Q4 2025 Earnings Summary
- Market share gains in a growing industry: Chewy is outperforming the broader pet market significantly. Management stated they're growing at "6% to 7%" compared to the overall market growth expectation of "2.5% to 4.5%", meaning they're growing at approximately "2x what the market expectation is" and continuing to capture incremental market share.
- Return to active customer growth with improved marketing efficiency: Chewy has returned to year-over-year active customer growth for "the first time in 8 quarters" with 20.5 million active customers. Their marketing investment increased by "approximately 15% higher in Q4" while cost per gross adds increased "less than 2%" - demonstrating remarkable efficiency in customer acquisition. They added "over 400,000 customers in Q4" and expect this momentum to continue through 2025.

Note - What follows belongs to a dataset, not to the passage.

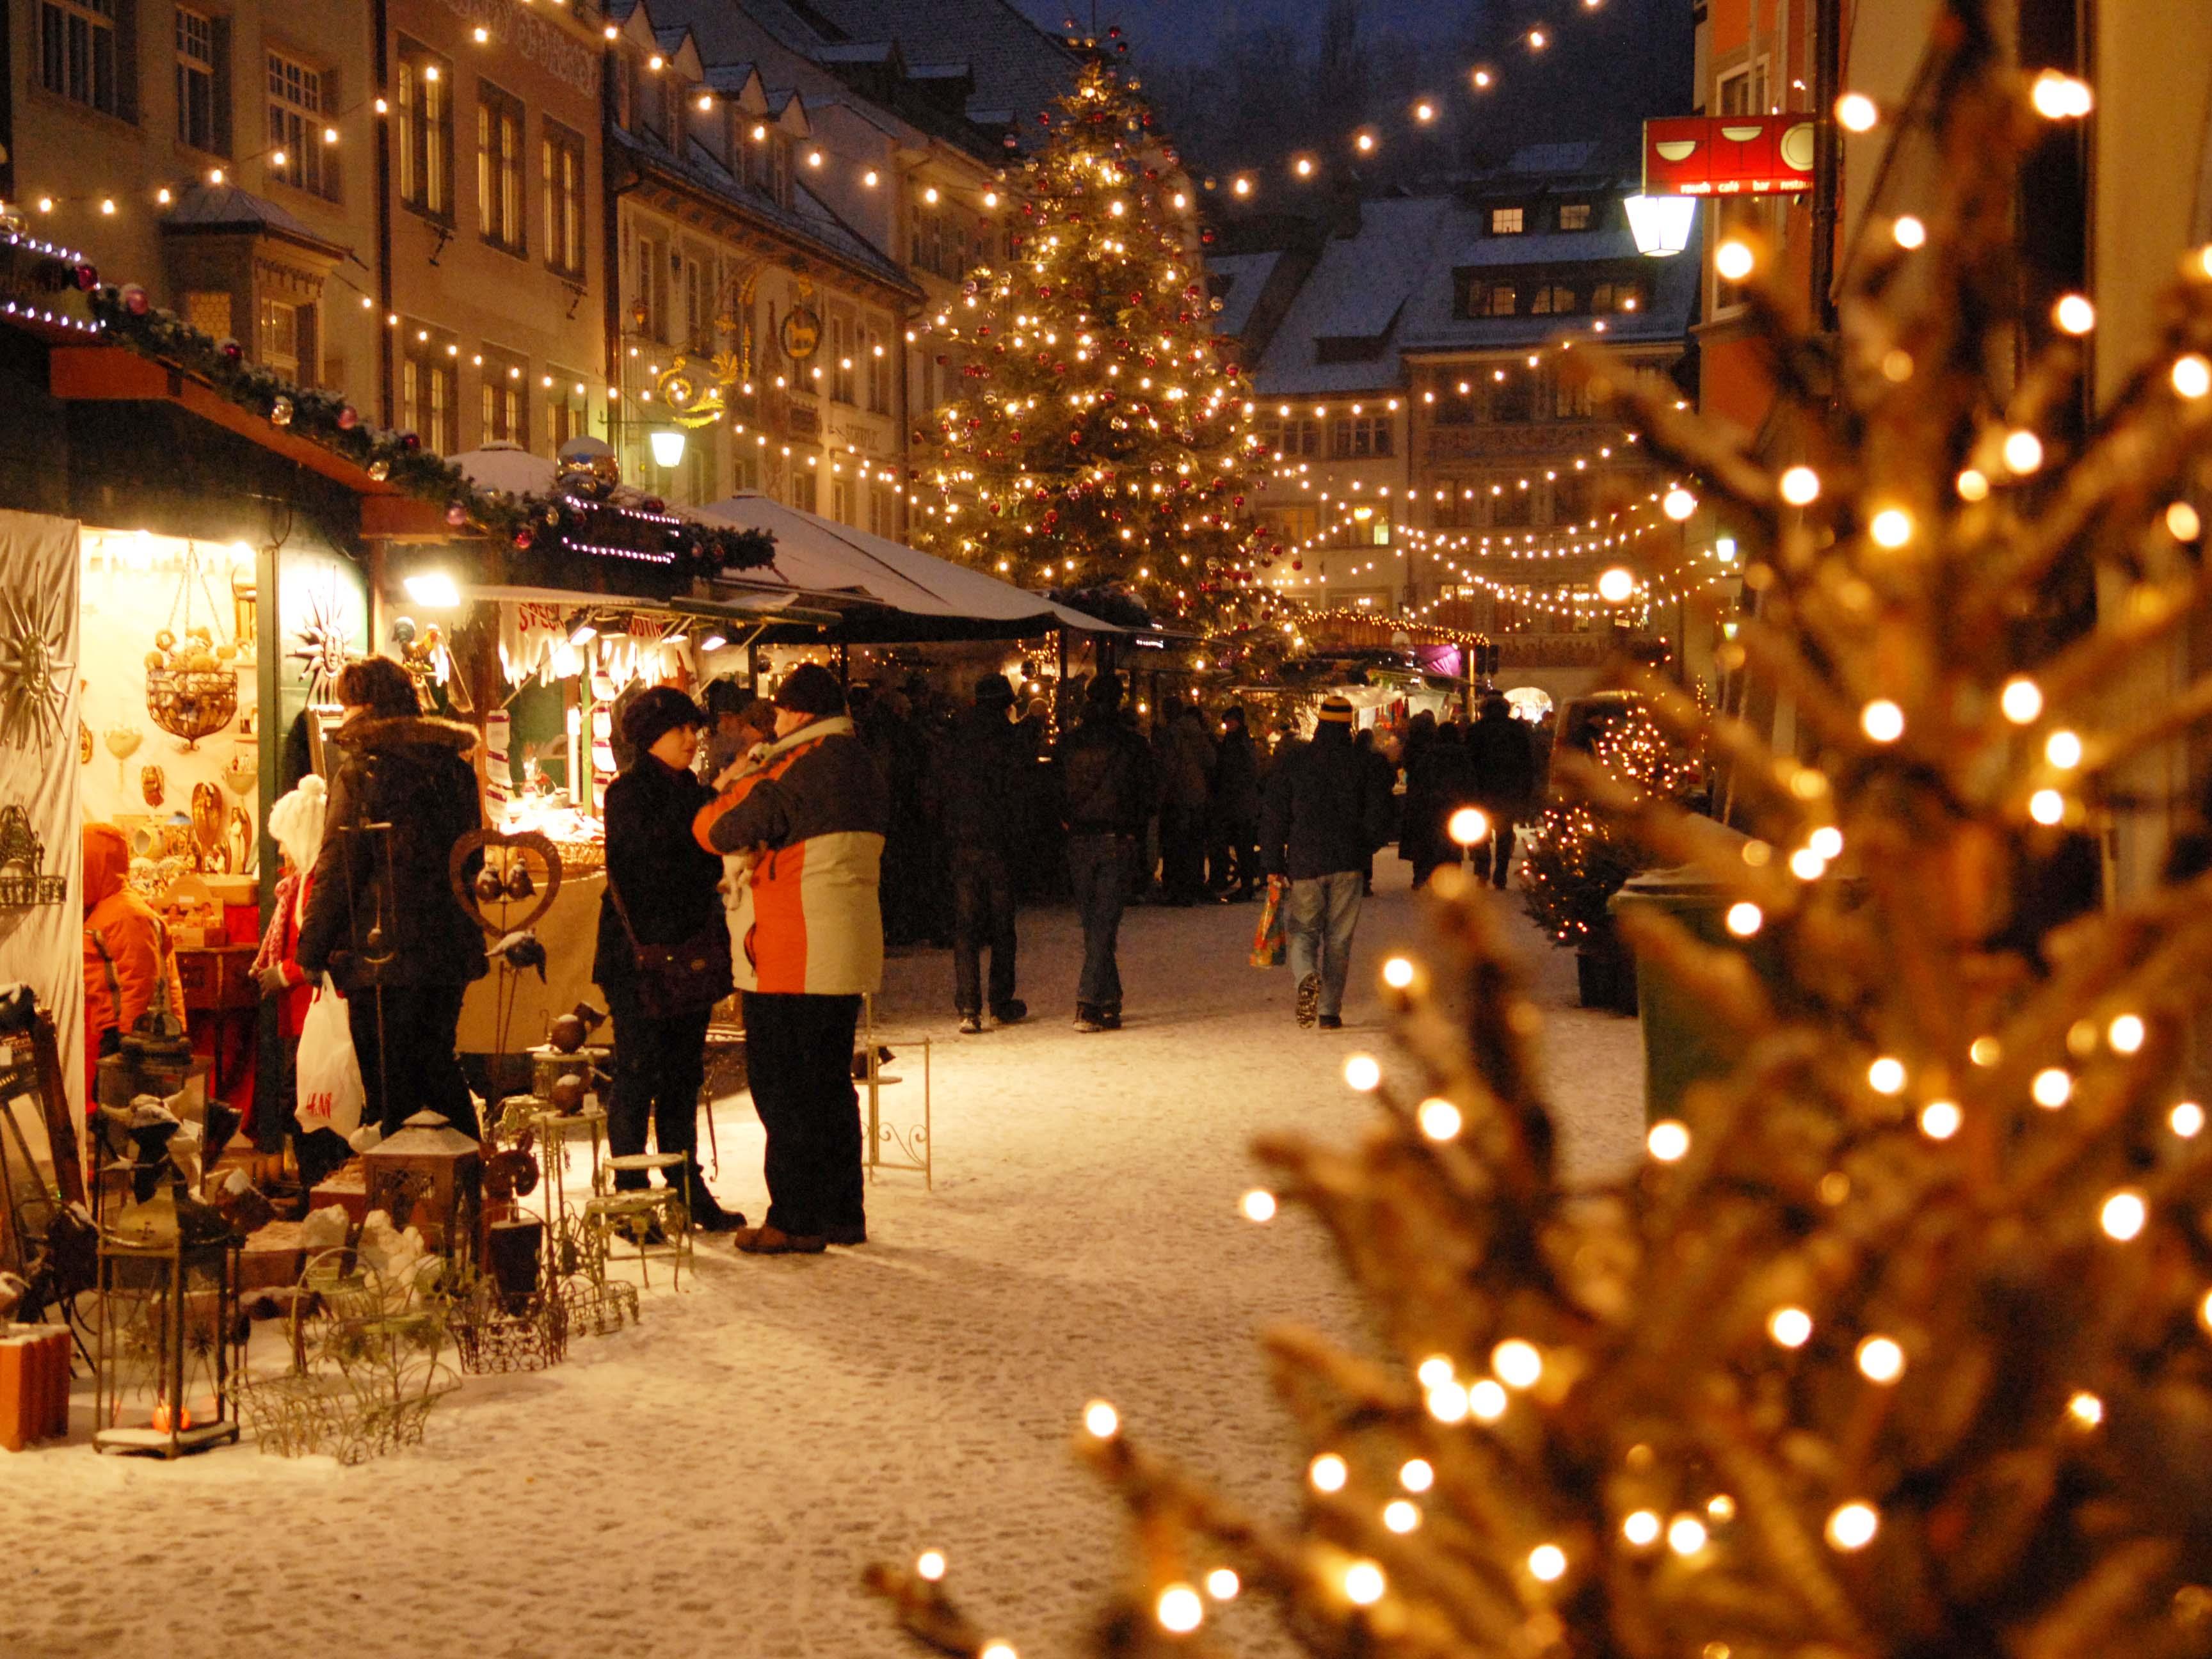 Der Weihnachtsmarkt wird in Feldkirch am Freitag, 28.11. um 17 Uhr eröffnet.

- Multiple growth initiatives beyond core business: Chewy has several promising growth vectors including their Vet Care Clinics (planning "8 to 10 new clinics" in 2025), their sponsored ads business which contributed significantly to margin improvement and has a "long-term entitlement" of "up to 3% of total enterprise net sales", and their mobile app where "app installs in Q4 grew 20% year-over-year" and "customers making their first app purchase grew by 34%".
- Pet adoption trends remain relatively flat, particularly for dogs, with Sumit Singh noting that "Dog seems to be more flat and cat seems to be up" while acknowledging they're taking a "wait-and-watch approach" to how these trends evolve. This suggests limited organic growth potential in the pet industry, potentially constraining Chewy's long-term growth opportunities.
- Chewy's strong Q4 performance was significantly enhanced by seasonal factors, with management acknowledging they "leaned in and took benefit of Q4 seasonality" for customer acquisition. This raises questions about the sustainability of their customer growth momentum throughout 2025, especially as they expect only "low single-digit" active customer growth.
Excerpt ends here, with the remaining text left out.